Deuxième guerre de Gaza, et un premier point

Tir d'un missile palestinien depuis la bande de Gaza

Difficile d'écrire alors que l'actualité s'emballe sans cesse, et que chaque moment peut rendre dépassées les conclusions synthétisées à l'heure précédente ... c'est pourtant l'exercice que je vais tenter, alors que l'on en est au soir du deuxième jour de cette guerre qui n'a pas encore de nom - sauf peut-être le nom de code de l'opération israélienne : "pilier de défense".

1. Toutes les lignes rouges ont été franchies, mais l'une après l'autre.

- depuis la première attaque contre une jeep patrouillant en bordure de la frontière, samedi dernier, et les dizaines de roquettes tirées quotidiennement sur les grandes villes du Sud : le Hamas et les organisations islamistes savaient pertinemment qu'Israël se trouverait face à une alternative difficile, soit accepter une nouvelle trêve fragile, avouant ainsi qu'il avait perdu sa force de dissuasion ; soit réagir, et se lancer dans un cycle de violence qui causerait des pertes civiles chez les deux peuples, offrant ainsi aux terroristes le lot de peur et de sang sur lequel ils assoient (toujours) leur prestige ;
- dès l'élimination d'Ali Jaabari, chef militaire du Hamas, qui devait (obligatoirement) provoquer une réaction forte de toutes les organisations islamistes de la bande de Gaza : 275 roquettes et missiles de tous types lancés en un jour et demi, c'est bien la preuve qu'il leur reste des "munitions" - en espérant que les plus redoutables auront été détruits en majorité dès les premières frappes aériennes, mais j'y reviendrai ;
- lorsque le Jihad islamique a lancé ses premiers missiles à longue portée sur Tel Aviv dans la soirée du 15 novembre : ils ont atterri heureusement sans faire ni victime ni dégâts ... mais la symbolique est lourde, car c'est la première fois que la principale métropole israélienne est touchée depuis la guerre du Golfe, en 1991 !

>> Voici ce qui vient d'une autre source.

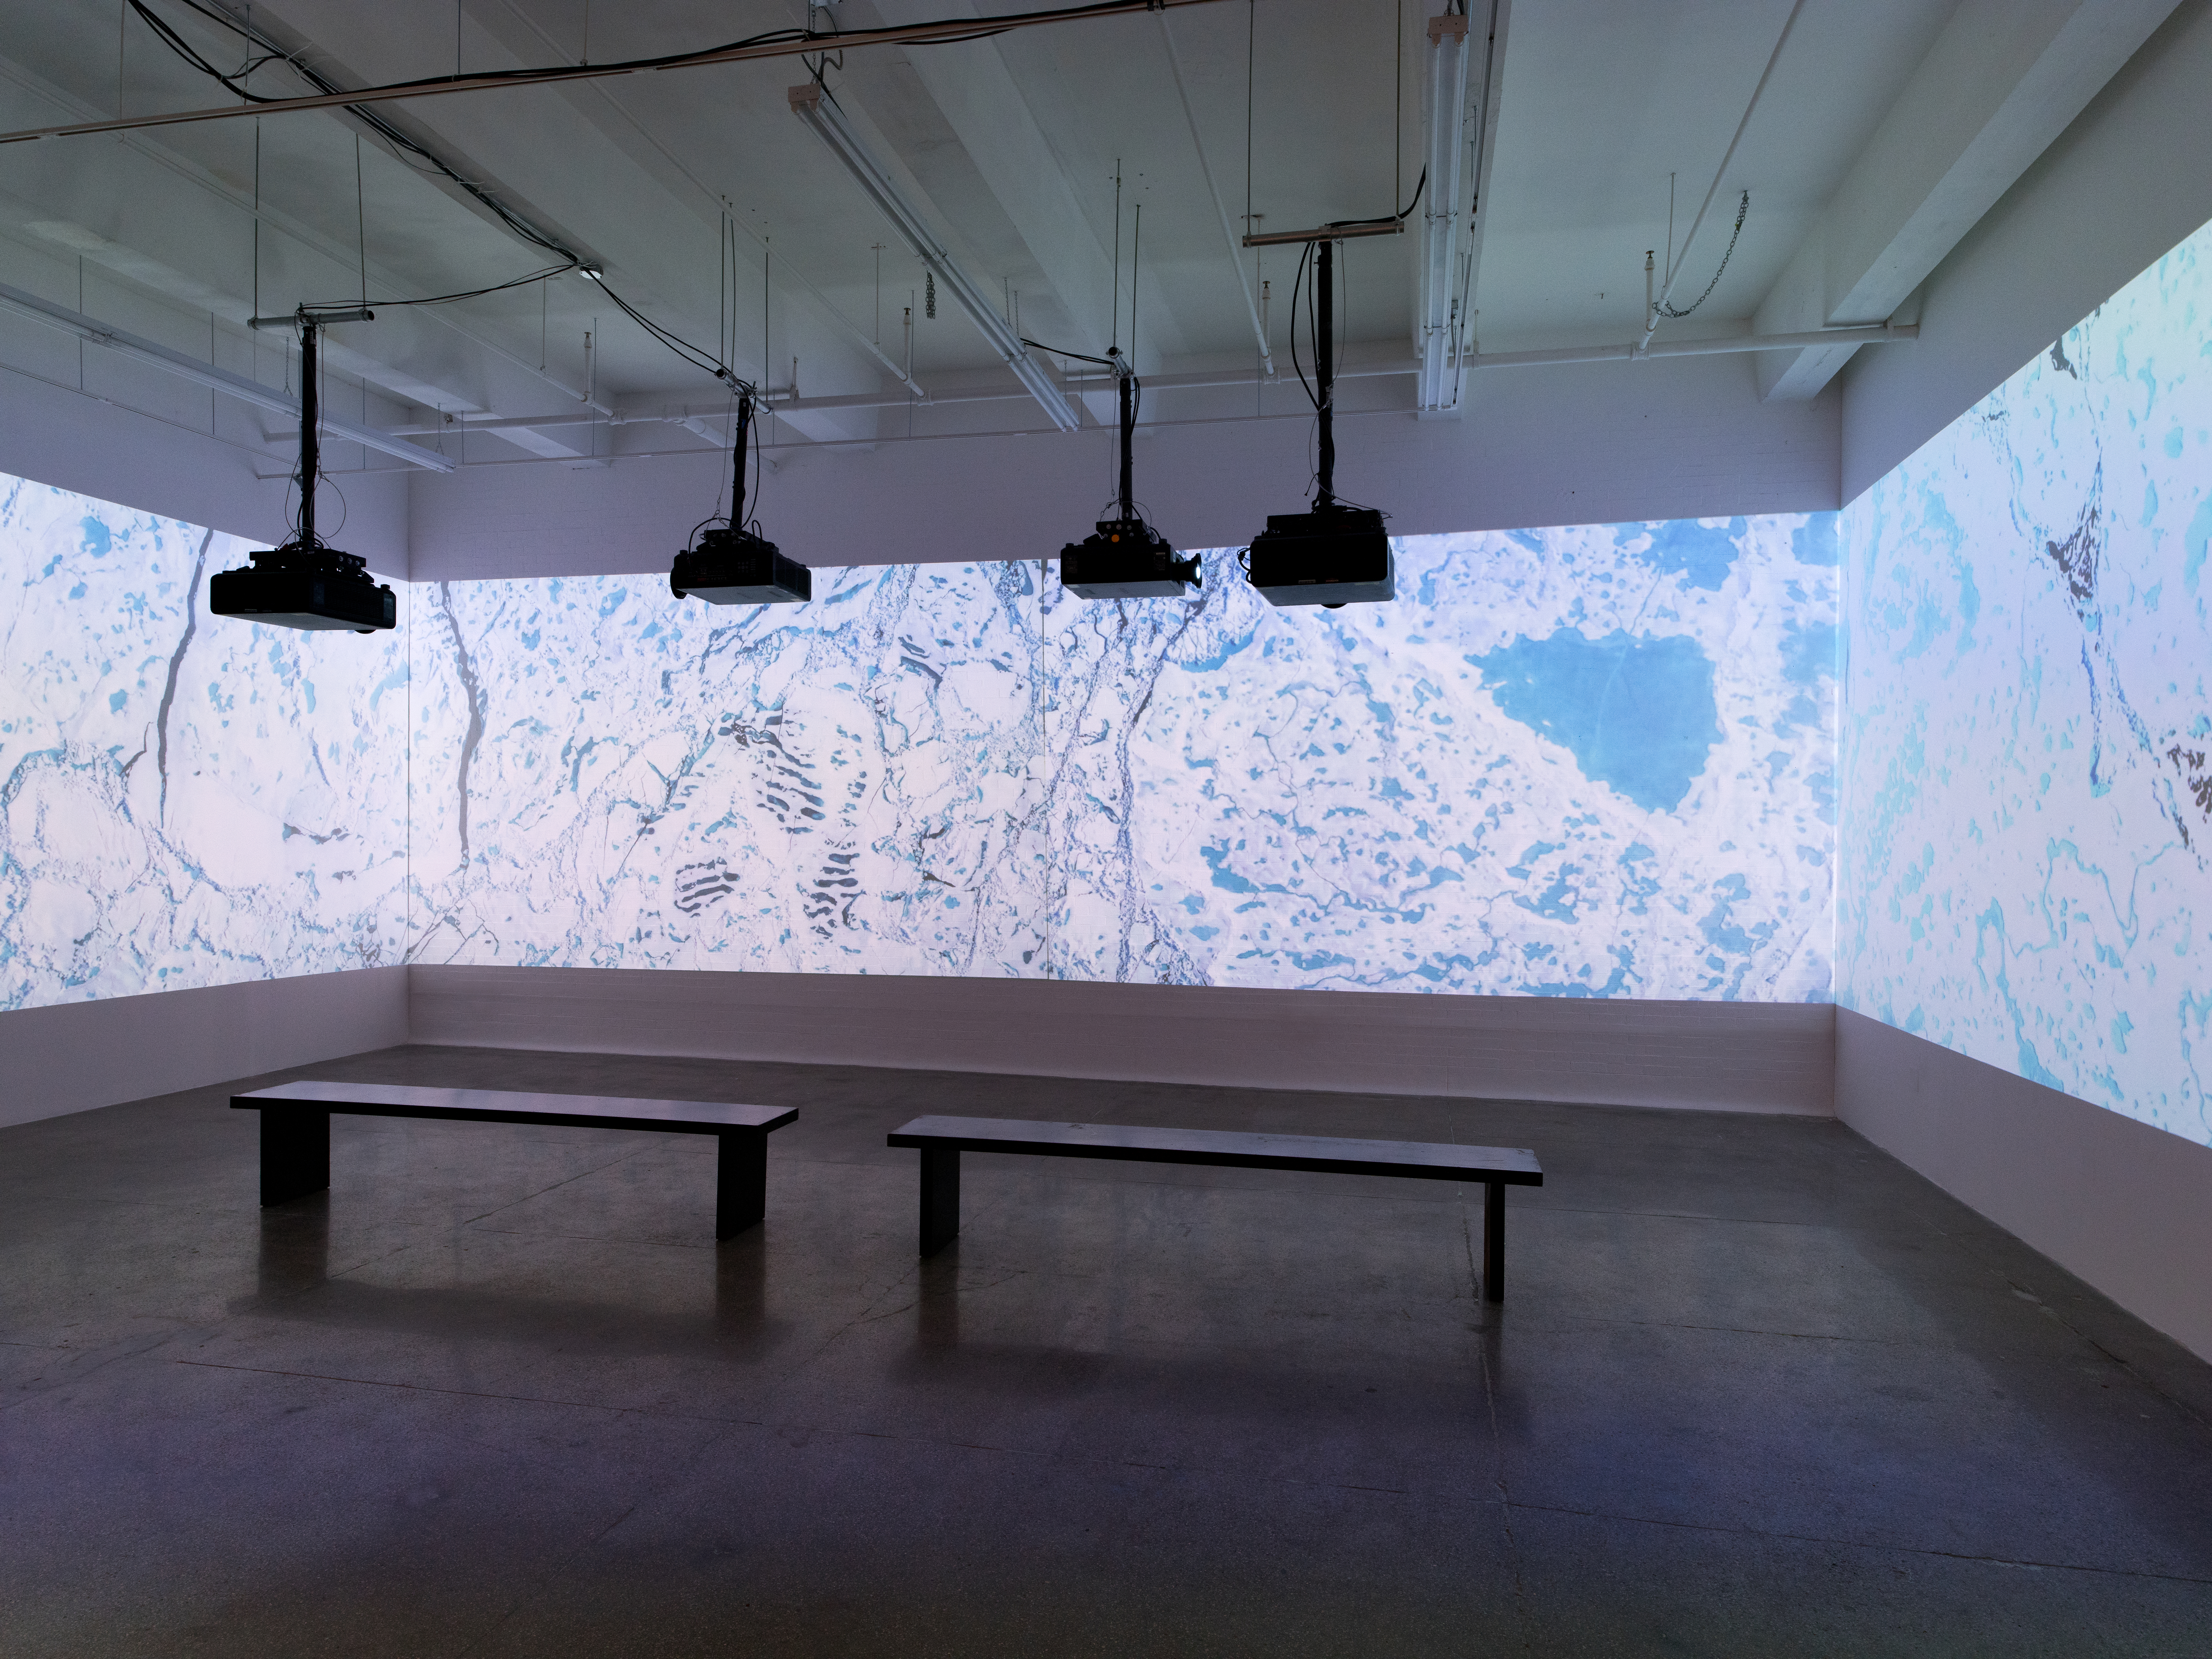 Installation at Mana Contemporary, Implied Scale: Confronting the Enormity of Climate Change

2. Pour le moment, Israël a plutôt marqué des points sur un plan militaire

- sans avoir lancé encore d'opération terrestre, il est parvenu à intercepter 130 missiles (à l'heure où je tape cet article), grâce au système "Dôme d'acier", que j'ai entendu dénigrer, ici ou là - et c'était bien injuste ; pour rappel, le traitement informatique des données radars associées au système, permet "d'économiser" ses cartouches en n'interceptant que les missiles devant tomber en zone habitée ;
- avec bien sûr le pourcentage inévitable de ratés de la défense anti-aérienne, de destructions et de tués (ainsi les trois malheureux frappés de plein fouet dans leur immeuble, à Kyriat Malachi), pour le moment ces centaines de missiles n'ont pas causé trop de dégâts ;
- l'aviation israélienne a détruit, dès la première frappe, la majorité des missiles à grande portée, ceux qui justement pourraient frapper Tel Aviv ; il en reste, d'autres seront tirés, mais clairement c'est un atout décisif qu'on perdu les organisations islamistes dès les premières heures de cette nouvelle guerre ;
- par contre (et tous les films diffusés par Tsahal le prouvent), les destructions de l'arsenal terroriste ont été très importantes : plus de 200 raids aériens en 24 heures, à partir d'une "banque de données" bien connue du Shin Beth, et qui ont du amoindrir fortement la capacité de nuisance du Hamas et des autres organisations.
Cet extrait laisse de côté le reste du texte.